Rockets INDEED #2 in West, despite what haters claim.


----------



## cima (Nov 6, 2003)

Bulls 17th? Right. The Bulls are better than teams 13-16 on that list, and arguably better than team #12.


----------



## CP26 (May 8, 2003)

Lakers-right where they should be.


----------



## Drewbs (Feb 16, 2004)

STfu about the Rockets already.


----------



## 77AJ (Feb 16, 2005)

Denver Nuggets and Cavs with a strong ranking.


----------



## MemphisX (Sep 11, 2002)

Grizzlies 22nd? :clap: 

People are really buying into the Golden State hype. Will be nice to see how they react to teams taking them seriously.


----------



## cima (Nov 6, 2003)

Why was this moved here?


----------



## DaBigTicketKG21 (Apr 27, 2003)

I think this should belong on the NBA General.

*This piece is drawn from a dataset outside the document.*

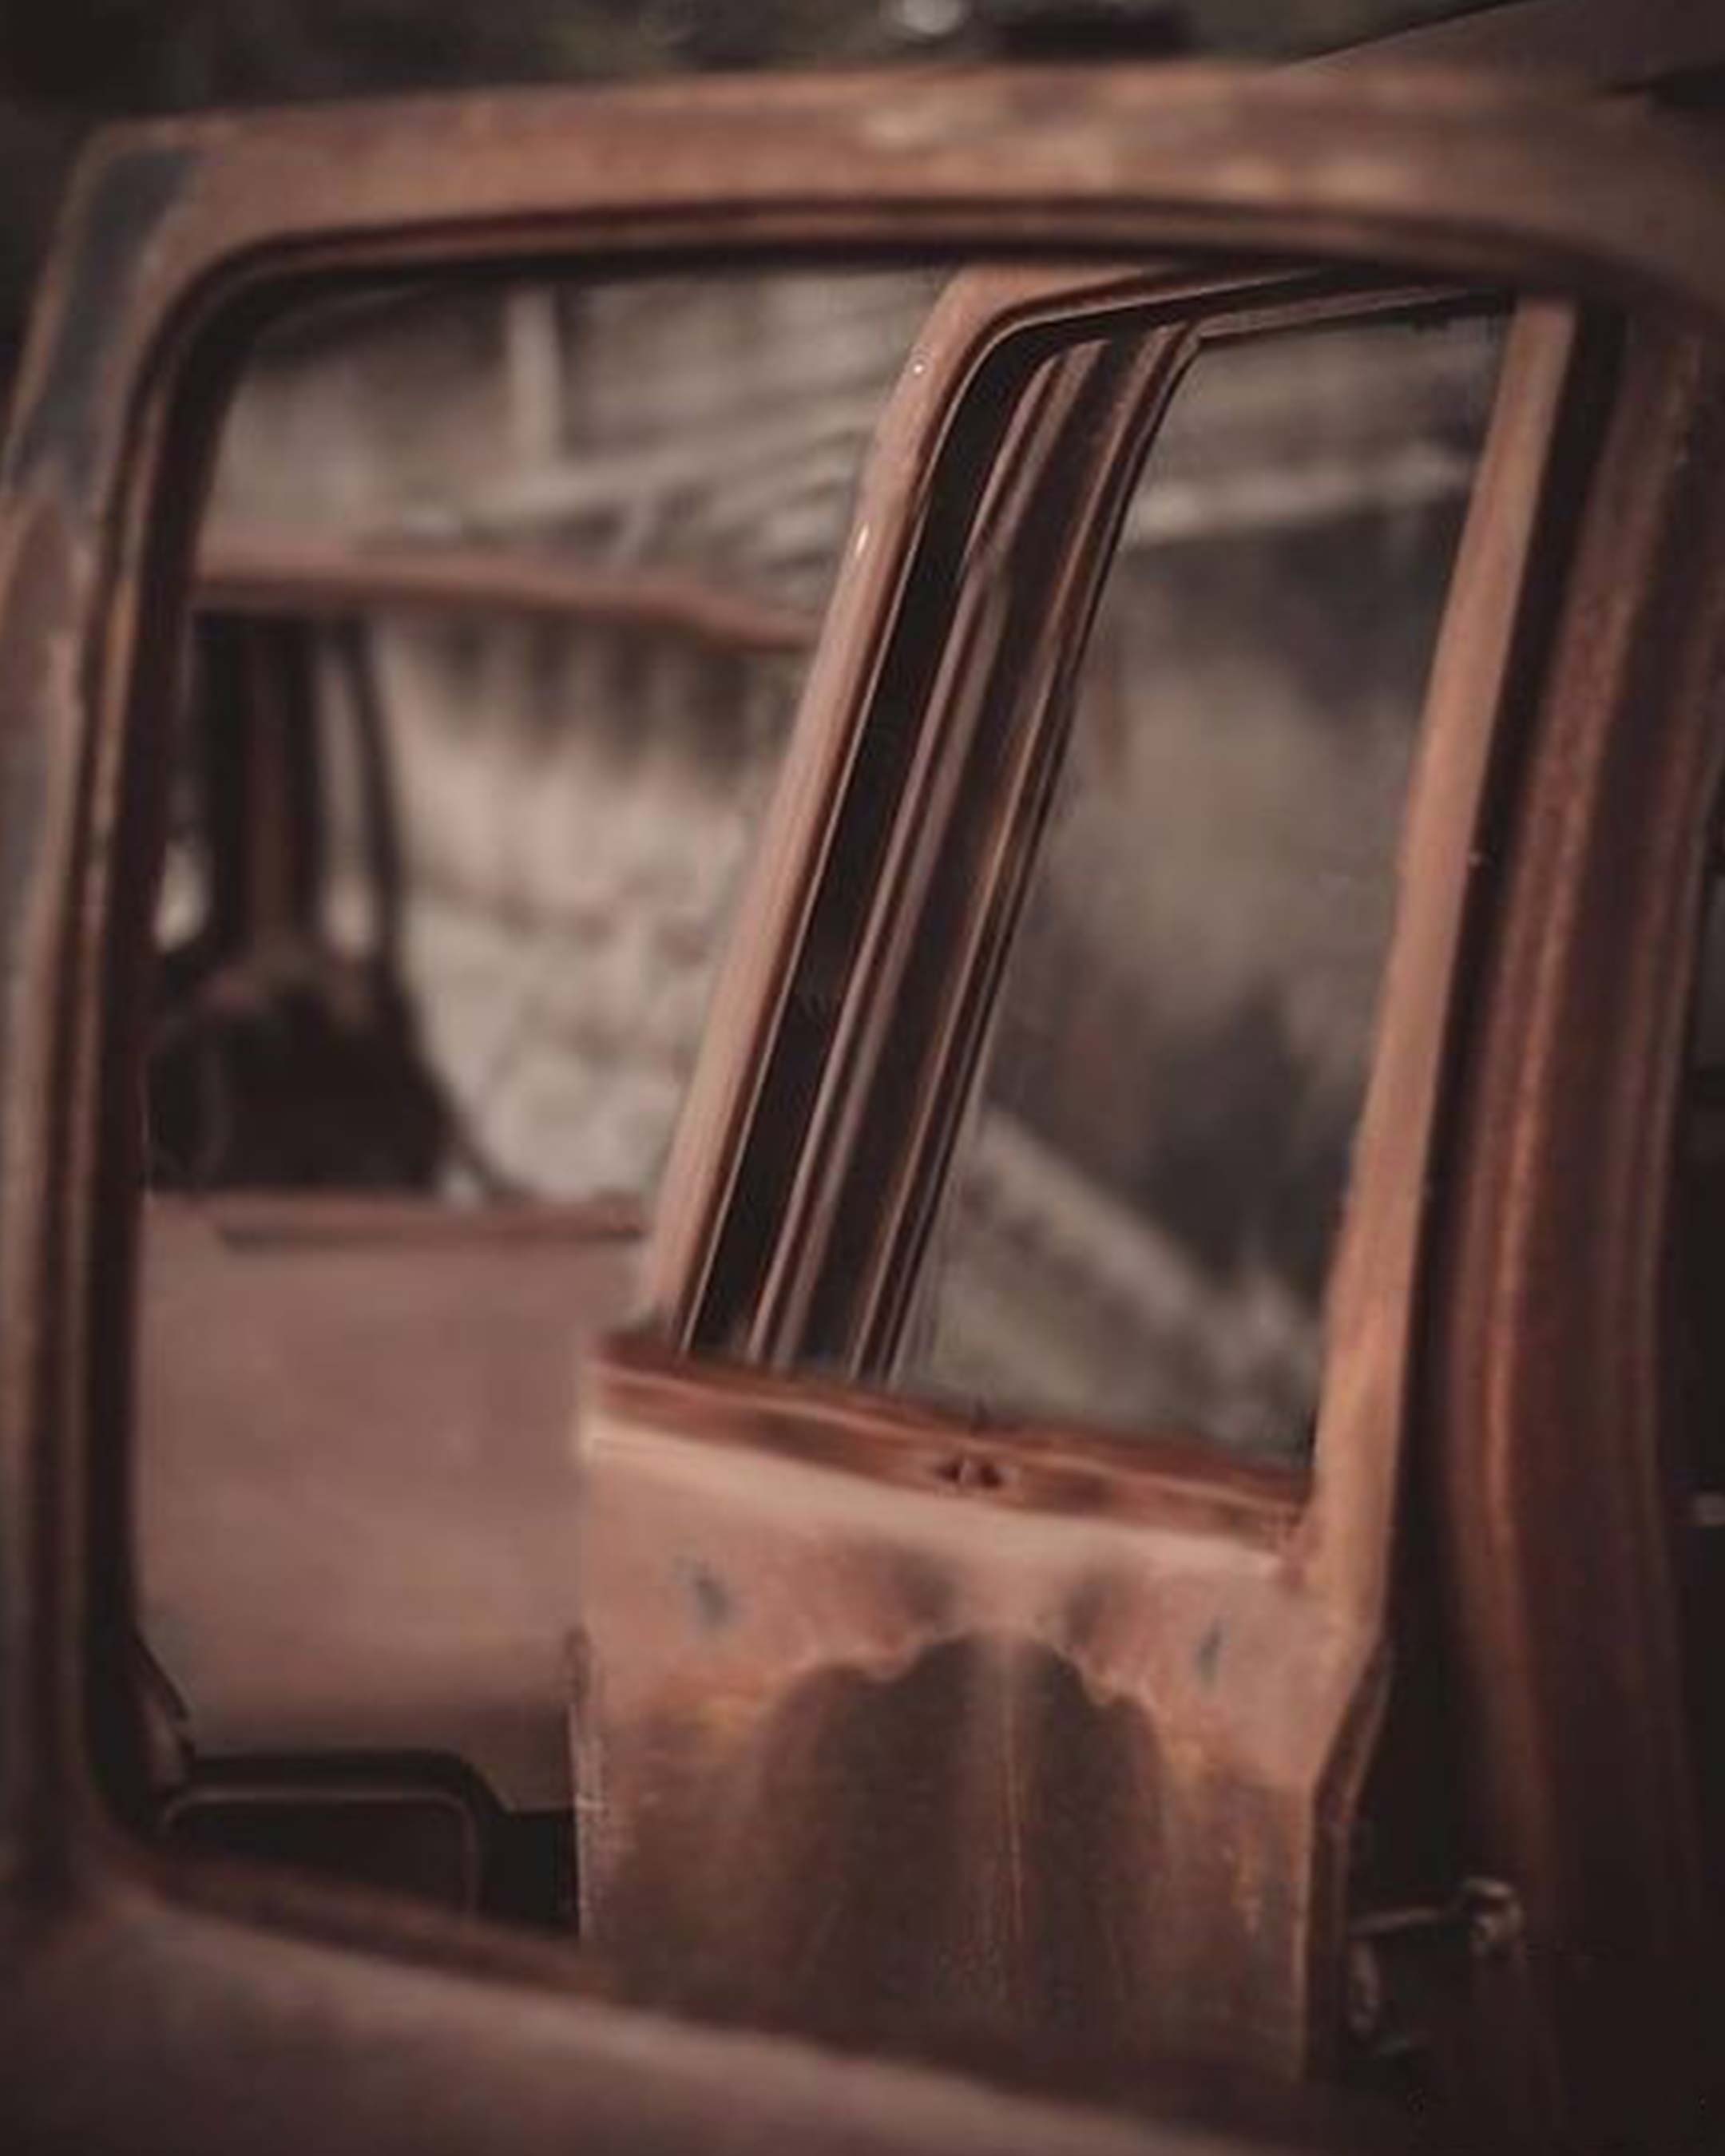 Car's Window Blur PicsArt Background Free Stock Image

I think the Mods thought that this was a post to show off Rockets rank, but it should be in NBA general.


----------



## CrackerJack (Jul 2, 2005)

charlotte have to be higher than atlanta :curse:


----------



## Yao Mania (Aug 4, 2003)

Yah I don't wanna get stuck with this thread, get this junk outta here! j/k

I personally don't like power rankings. All they really show is "who's hot" and "who's not". No doubt we're a hot team right now, but I'd be hesistant to call our team the 2nd best in the West (althought I DO think we can be).

And I think Philly at 14 is too high.


----------



## Ming_7_6 (May 6, 2005)

This is as general nba topic as you can get.................


----------